Bill Morris

Personal information
- Full name: William Walter Morris
- Date of birth: 26 March 1913
- Place of birth: Handsworth, England
- Date of death: 1995 (age 82)
- Place of death: Adelaide, Australia
- Position: Defender

Youth career
- Handsworth Old Boys

Senior career*
- Years: Team / Apps / (Gls)
- West Bromwich Albion / 0 / (0)
- Halesowen Town
- 1933–1947: Wolverhampton Wanderers / 175 / (2)
- 1947–1949: Dudley Town

International career
- 1938–1939: England / 3 / (0)

= Bill Morris (footballer, born 1913) =

English footballer

William Walter Morris (26 March 1913 – 1995) was an English footballer who spent the majority of his playing career at Wolverhampton Wanderers.

Morris began his senior career in the colts side of West Bromwich Albion, before moving to Halesowen Town. He was signed by Wolverhampton Wanderers in May 1933 for £100, and made his debut for the club against former team West Bromwich Albion on 17 February 1934, playing as an emergency centre-forward.

He remained a back-up player until the 1935–36 season when he became a first choice centre-half for the Midlanders. A disappointing start to the next campaign saw him switched to right-back, which would remain his position for the rest of his Molineux career.
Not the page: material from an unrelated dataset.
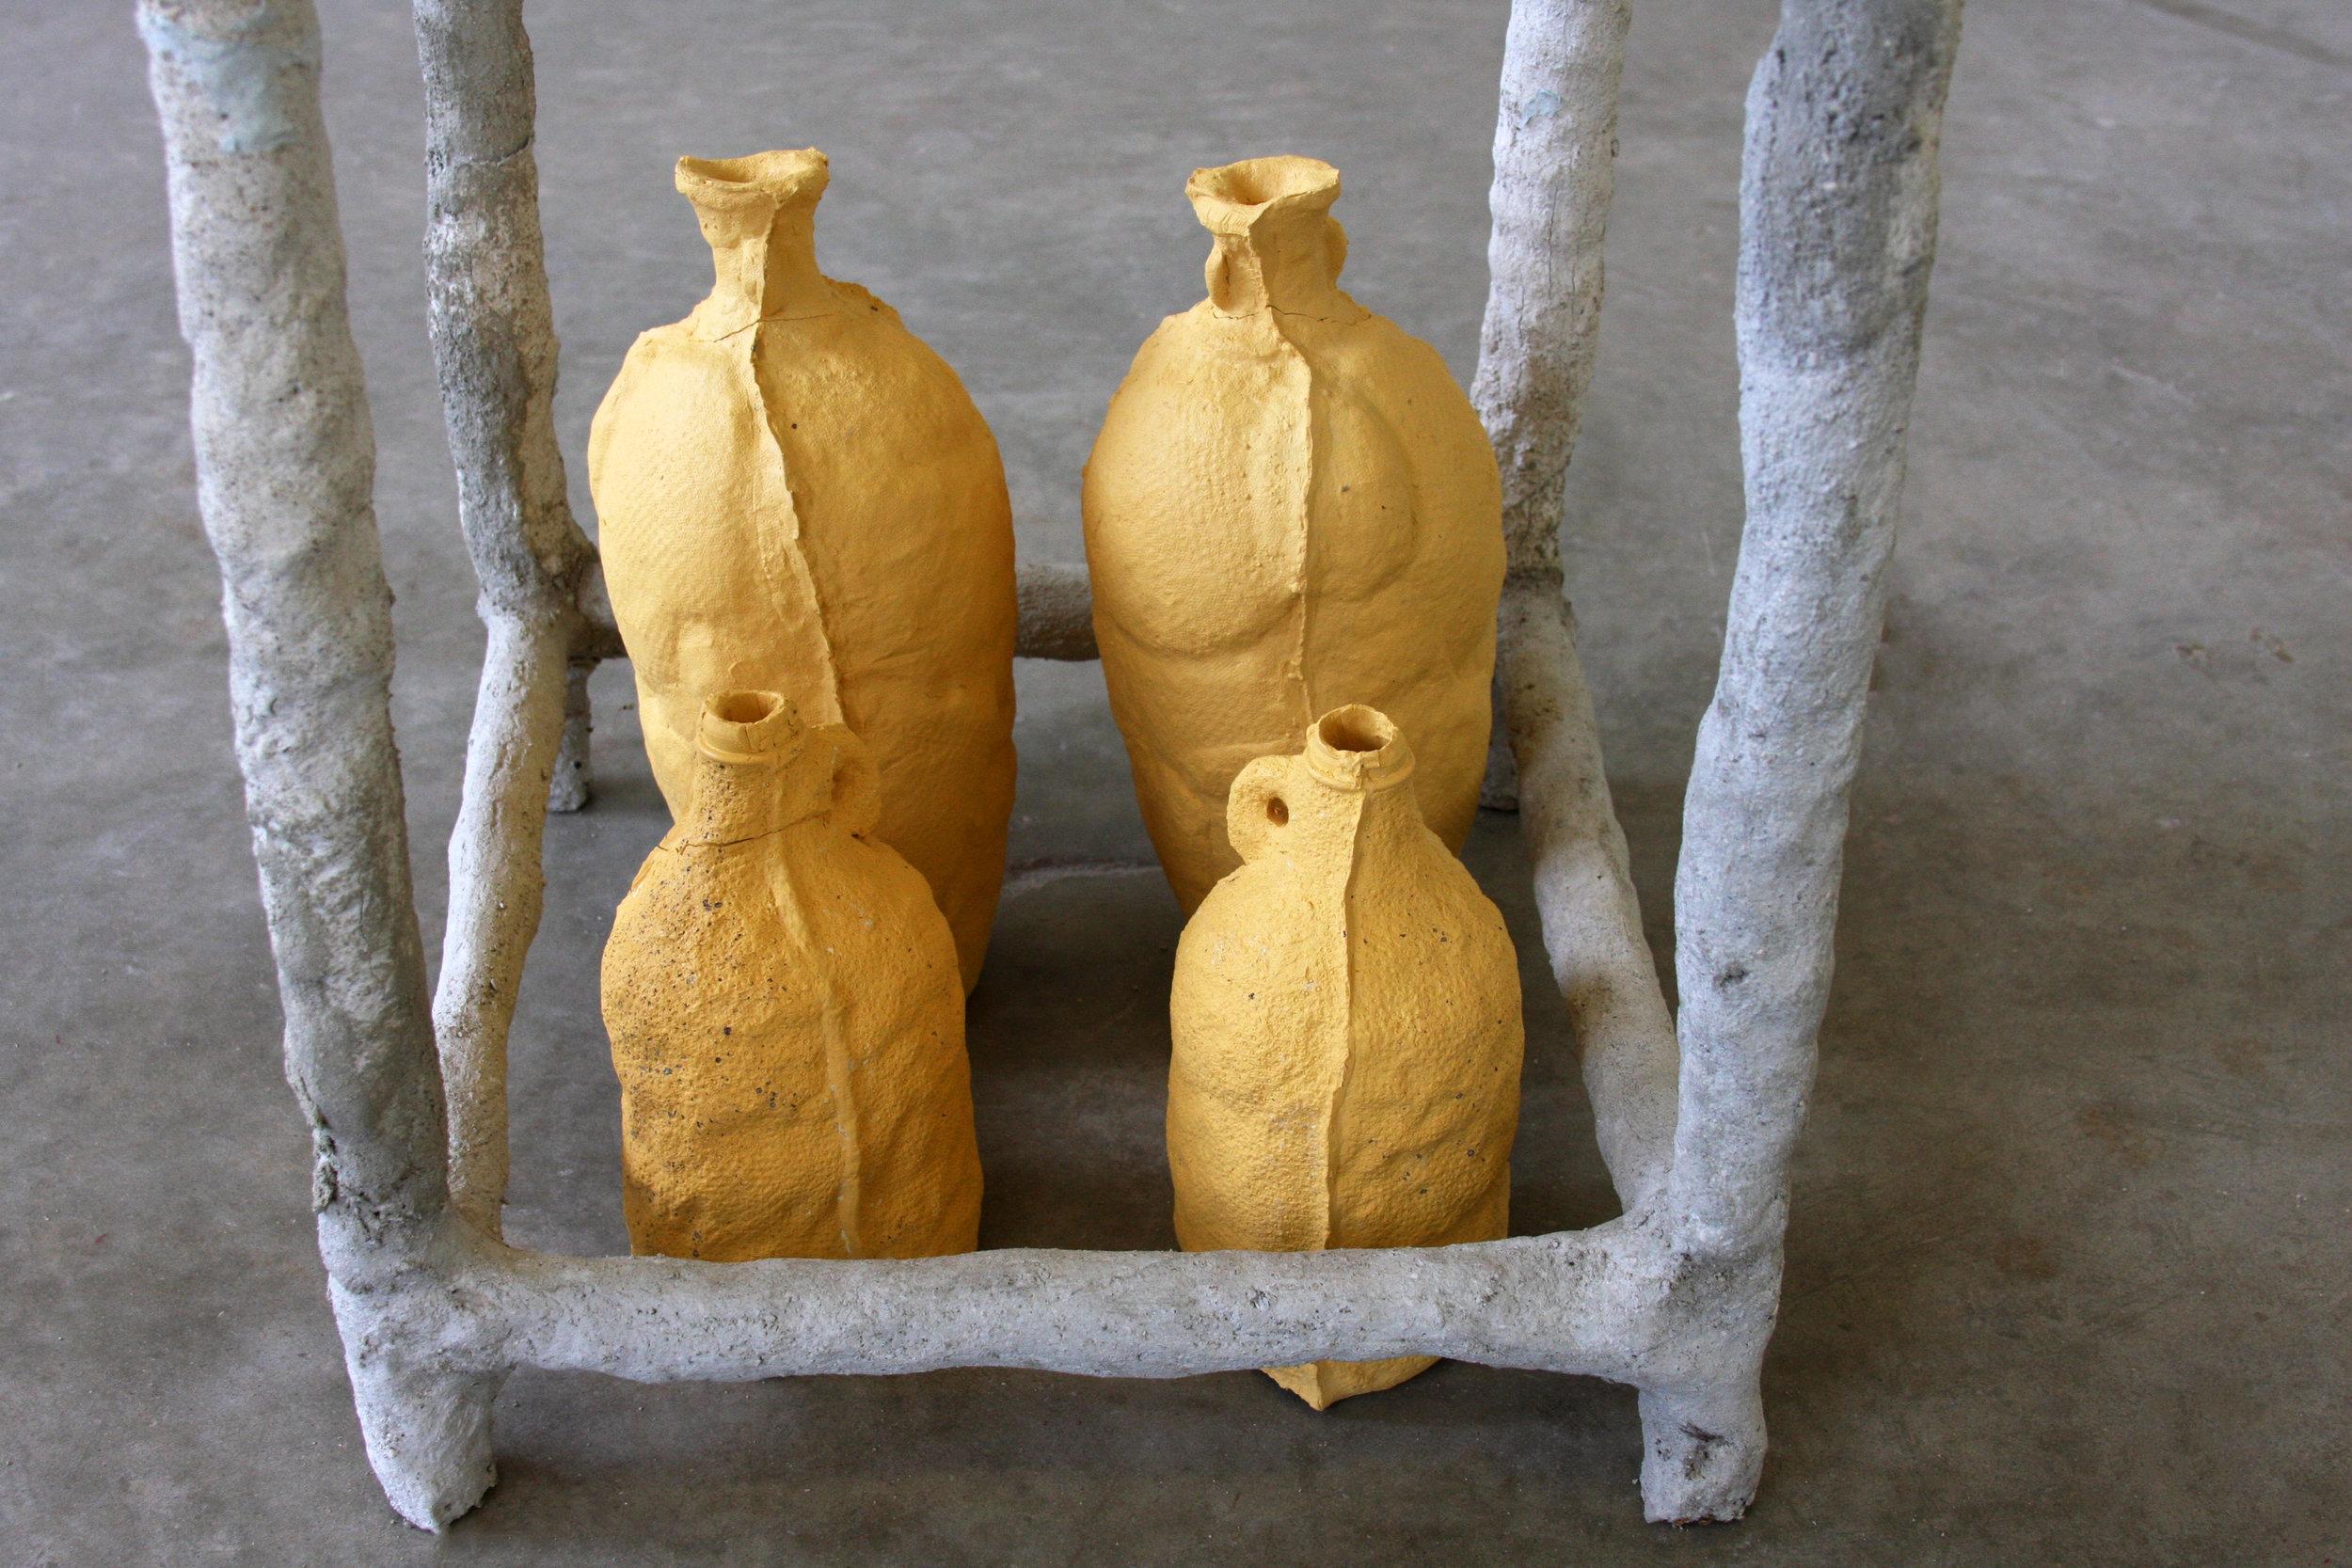 slip-cast dyed porcelain vessels
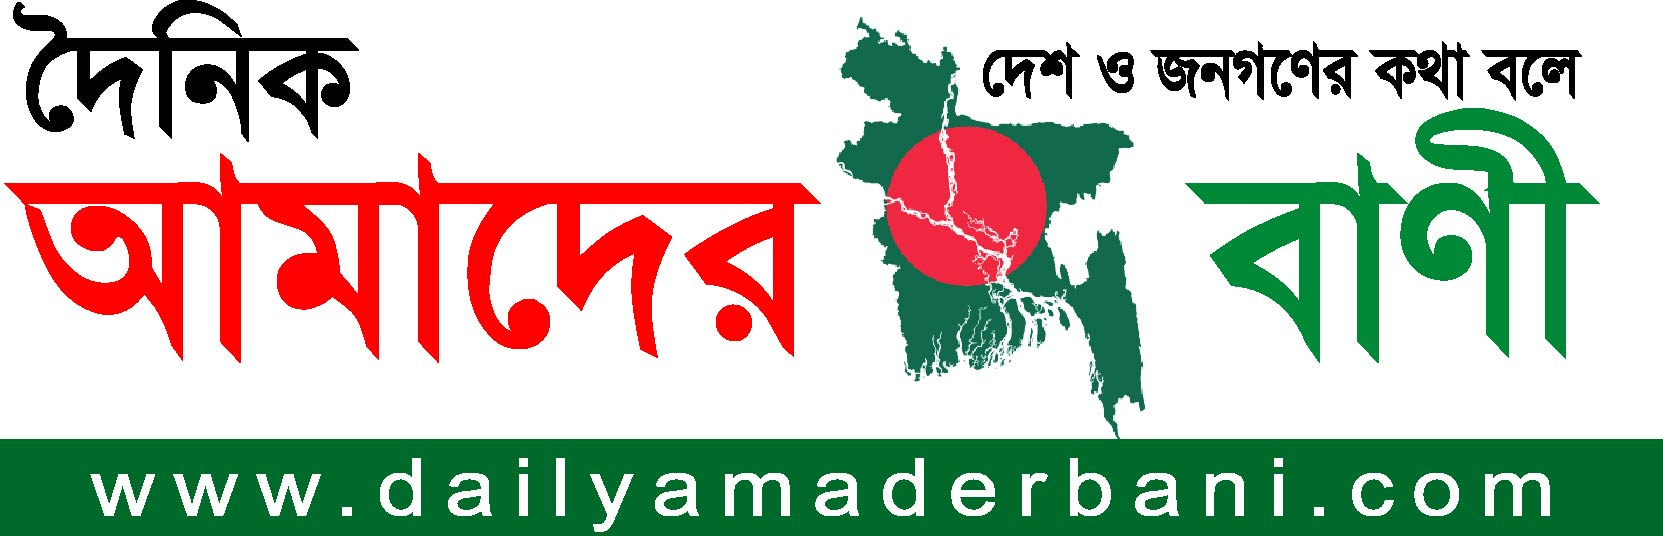 www.dailyamaderbani.com

He played in the 1939 FA Cup Final, where Wolves were surprisingly beaten by Portsmouth, and won three England caps. His international debut came on 16 November 1939 in a 7–0 victory over Northern Ireland at Old Trafford.

The outbreak of World War II meant the suspension of league football, but Morris turned out 67 times for Wolves in regional games, and also guested for Wrexham. At the resumption of league action in 1946, Morris soon found himself out of the team, and at the end of the 1946–47 season he left Wolves.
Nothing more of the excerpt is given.